This was sent to me by Bill Penn. The original letters used to write this article are at the Kentucky Historical Society.

A Romance Interrupted by the Civil War: The Letters of Susan T. Scroggin and Henry H. Haviland

Harrison Heritage News, Vol. 13, No. 6 (June 2012)The Civil War in Kentucky has many stories of divided families whose members fought in the armies of either the Union or the Confederacy. Less encountered are accounts of couples who postponed their marriage because of opposite sectional allegiances.

This is one of those stories, with Susan T. Scroggin living in Woodford County and Henry H. Haviland in Harrison County. It is also a story of a Confederate woman engaged to a farmer/slave owner who was loyal to the Union.

The Robert Haviland house in Havilandsville ca. 1930

The Robert Haviland house in Havilandsville ca. 1930

Susan Terrell Scroggin (24 February 1826-8 November 1897), lived on a farm on the north side of Leestown Pike at Moore’s Mill Pike, about one mile east of Midway, Woodford County. According to the 1860 census, Sue, 30, was a housekeeper to her father, Robert C., 69, and uncle Samuel, 60, both farmers, with the help of an older sister, Sarah Anne “Sallie,” 38, and Ebb, a 24 year old student, The family owned nine slaves, six being children. At the outbreak of the war, her two brothers, Sidney Alvin and Robert Ebenezer “Ebb,” joined the Confederate army. Sue became an ardent Southern sympathizer who despised Lincoln’s policies regarding African Americans and his abolitionist supporters. Her thoughts on the sectional issues have been preserved at the Kentucky Historical Society in surviving correspondence between Sue and her fiance, Henry Hutchins Haviland (16 March 1825-2 March 1910), a merchant and farmer at Havilandsville in northern Harrison County. Henry was a brother of William Stewart Haviland (22 March 1823-June 1914), a Cynthiana attorney who processed many Civil War damage claims to the federal government. An irony to this love story was the fact that Haviland favored Kentucky remaining in the Union even though he, too, was a slave owner. The letters in general expressed the love affair between the two which was complicated by the fact Henry was a busy farmer and could visit Sue only several times a month.

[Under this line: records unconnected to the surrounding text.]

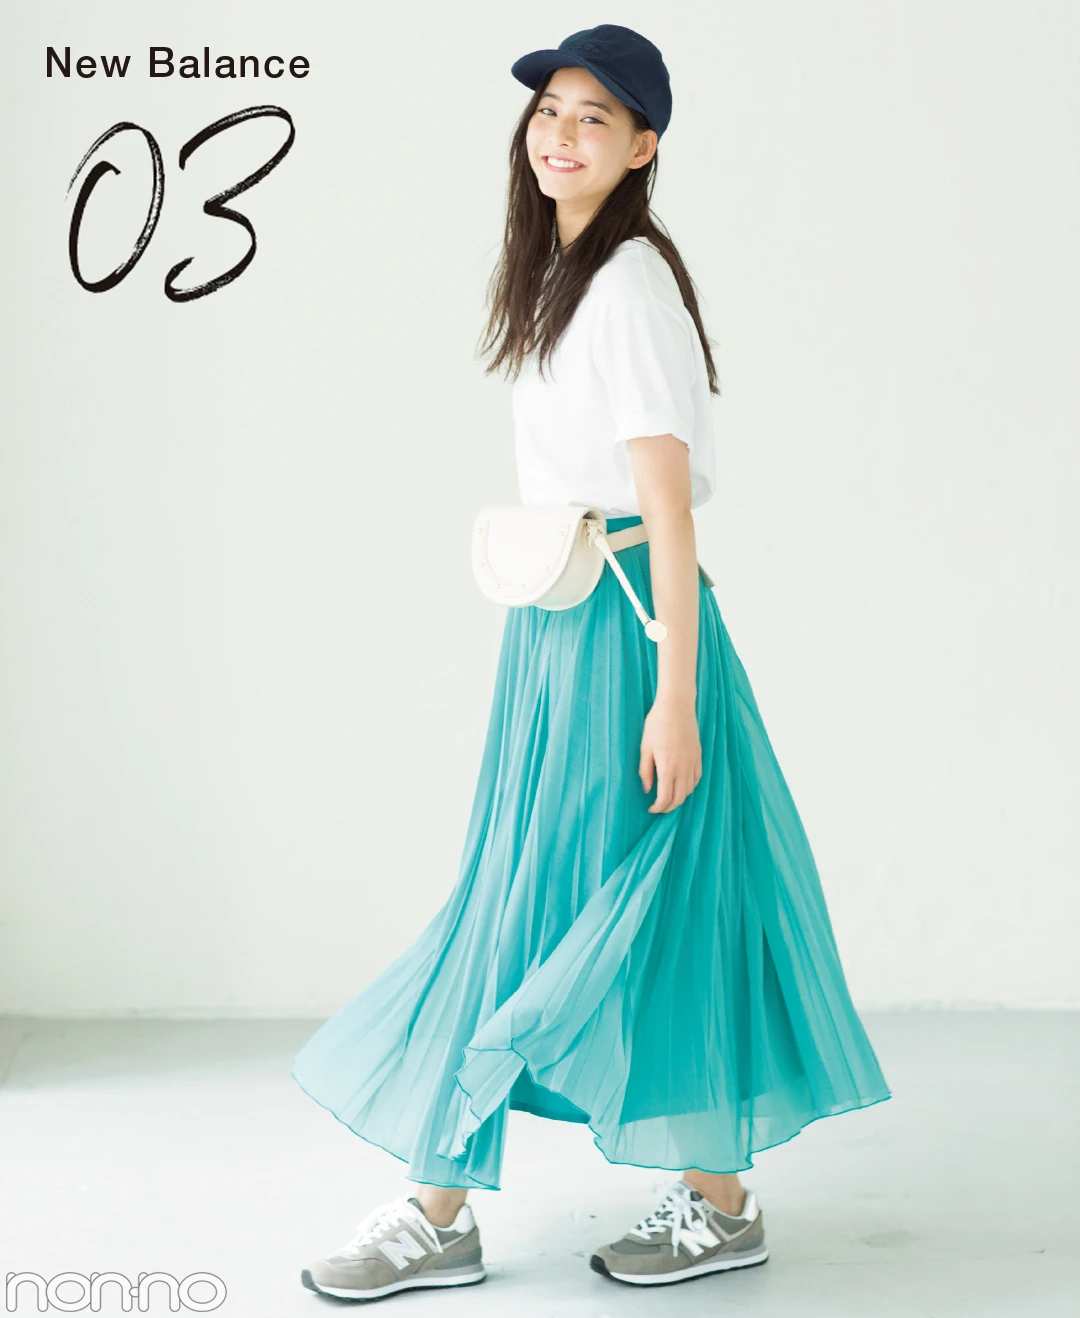 【夏のスニーカーコーデ】新木優子は、パステルスカートの甘さを程よく引き算してこなれコーデ。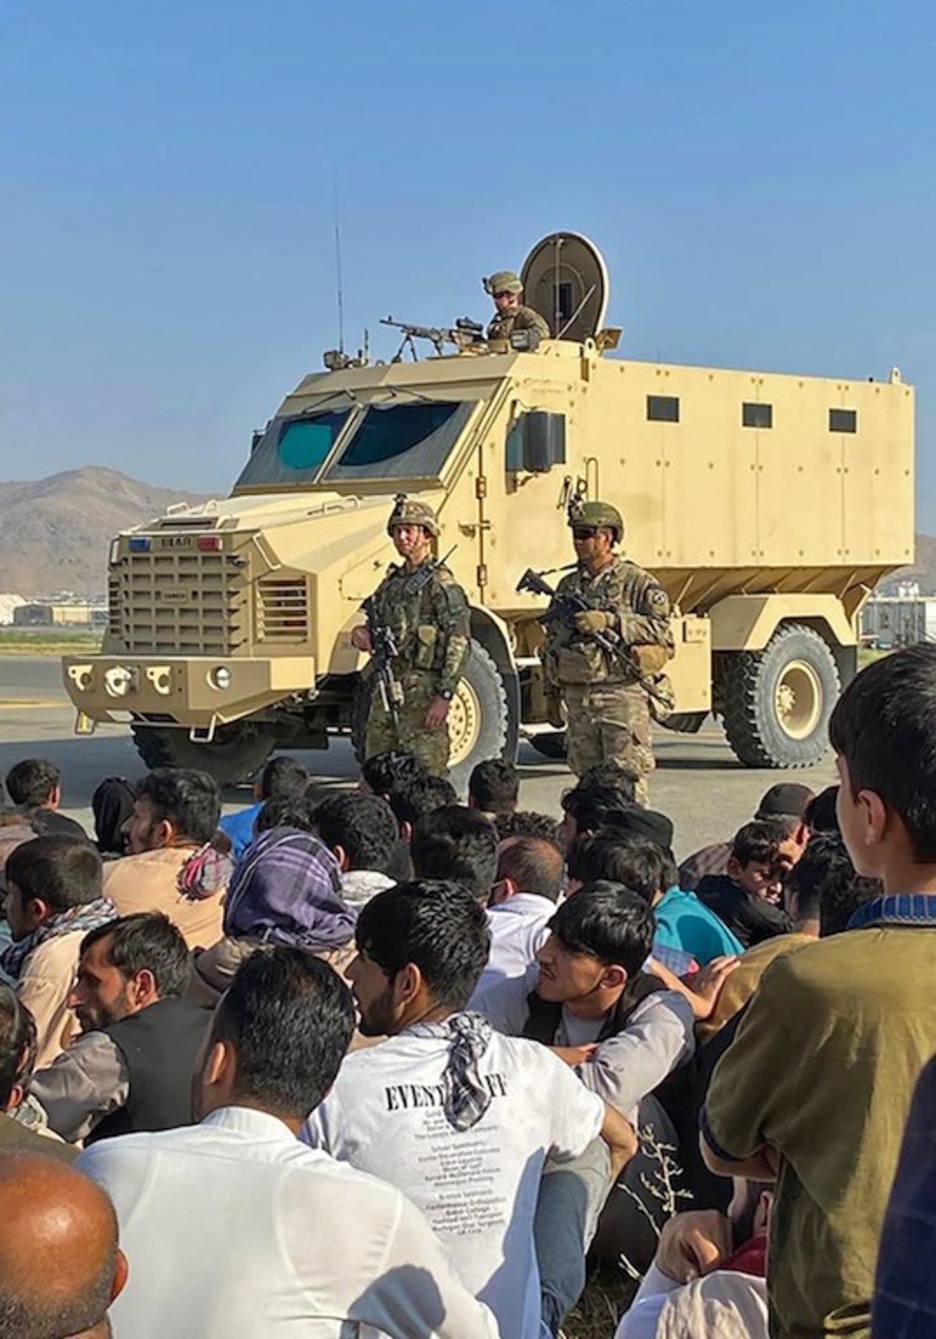 Ciudadanos afganos se agolpan en el aeropuerto de Kabul mientras los soldados estadounidenses montan guardia. (Shakib RAHMANI | AFP)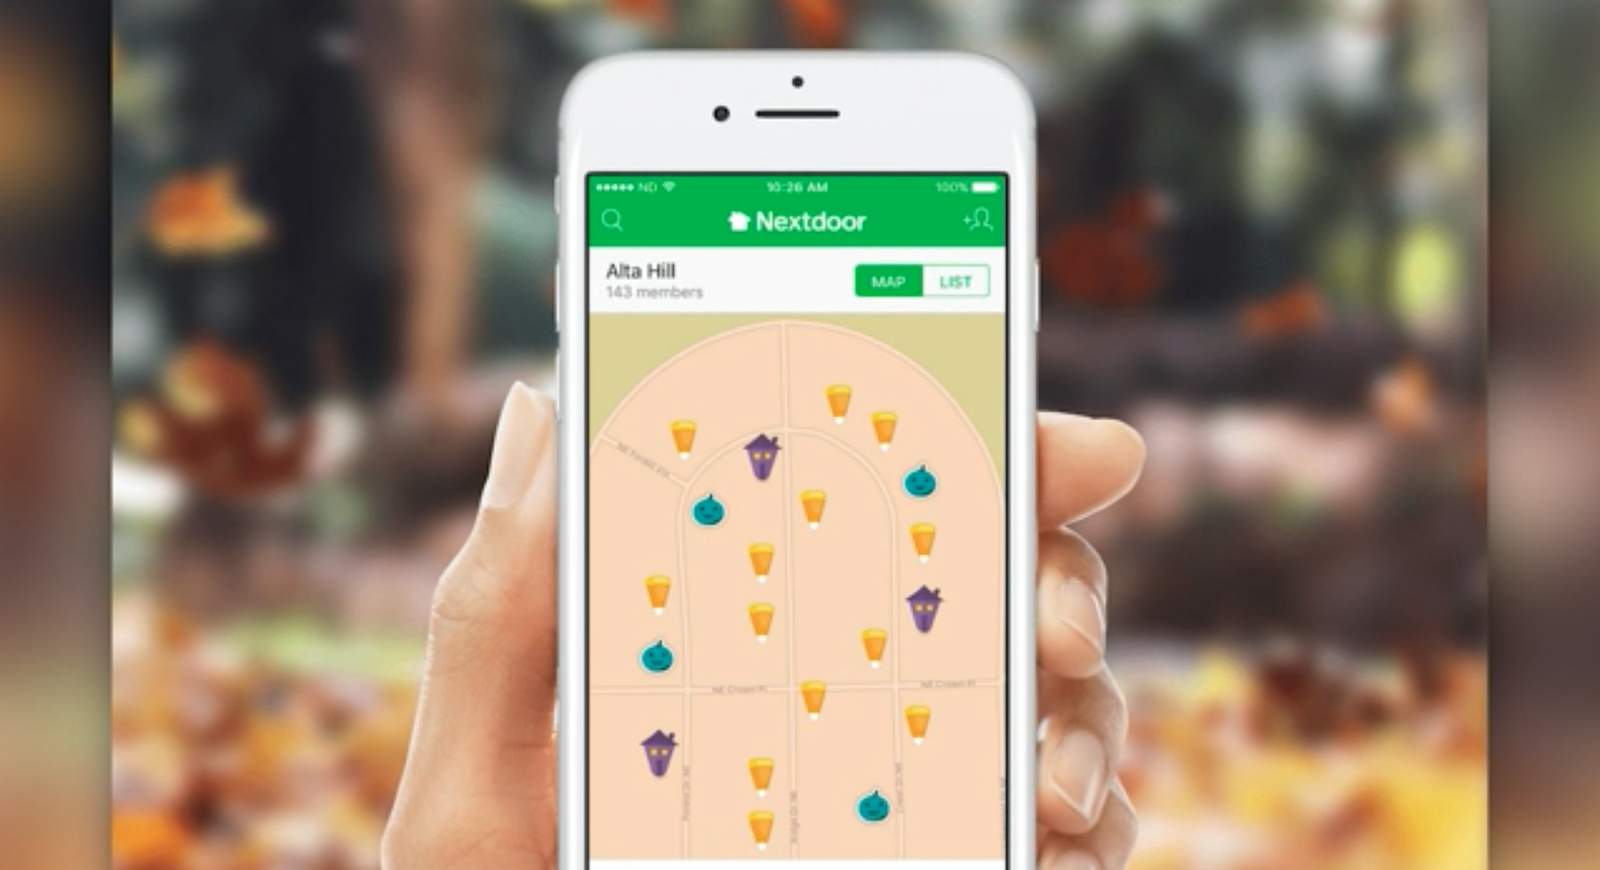 Nextdoor app adds new feature for Halloween during pandemic

It seems Sue met Henry Haviland while the two were in Covington visiting friends in the summer of 1849 when she was 19. By l857 Henry was visiting Sue, staying at Mrs. Cunningham’s Midway Hotel or at Mrs. Thornton’s hotel, both on Railroad Street. By December 1860 the Scroggin family was lamenting the coJd winter but could only afford to burn coal in one room of the house. “All talking of disunion and hard times. I think the Secession movement in the South is more talked of than anything else really: the pressure is being seriously felt here; everything perfectly still here; though all are in hopes that it will all soon blow off again, even before old Honest Abe takes his seat.” She asked Henry, “Are you for Union or disunion; the ladies you know are all for Union especially as this is the close of Leap Year.” By June 1861 Sue had definitely decided disunion would benefit Kentucky, referring to “Lincoln or his northern horde of tyrants … I think the whole country is ruined and there is no help for it now.”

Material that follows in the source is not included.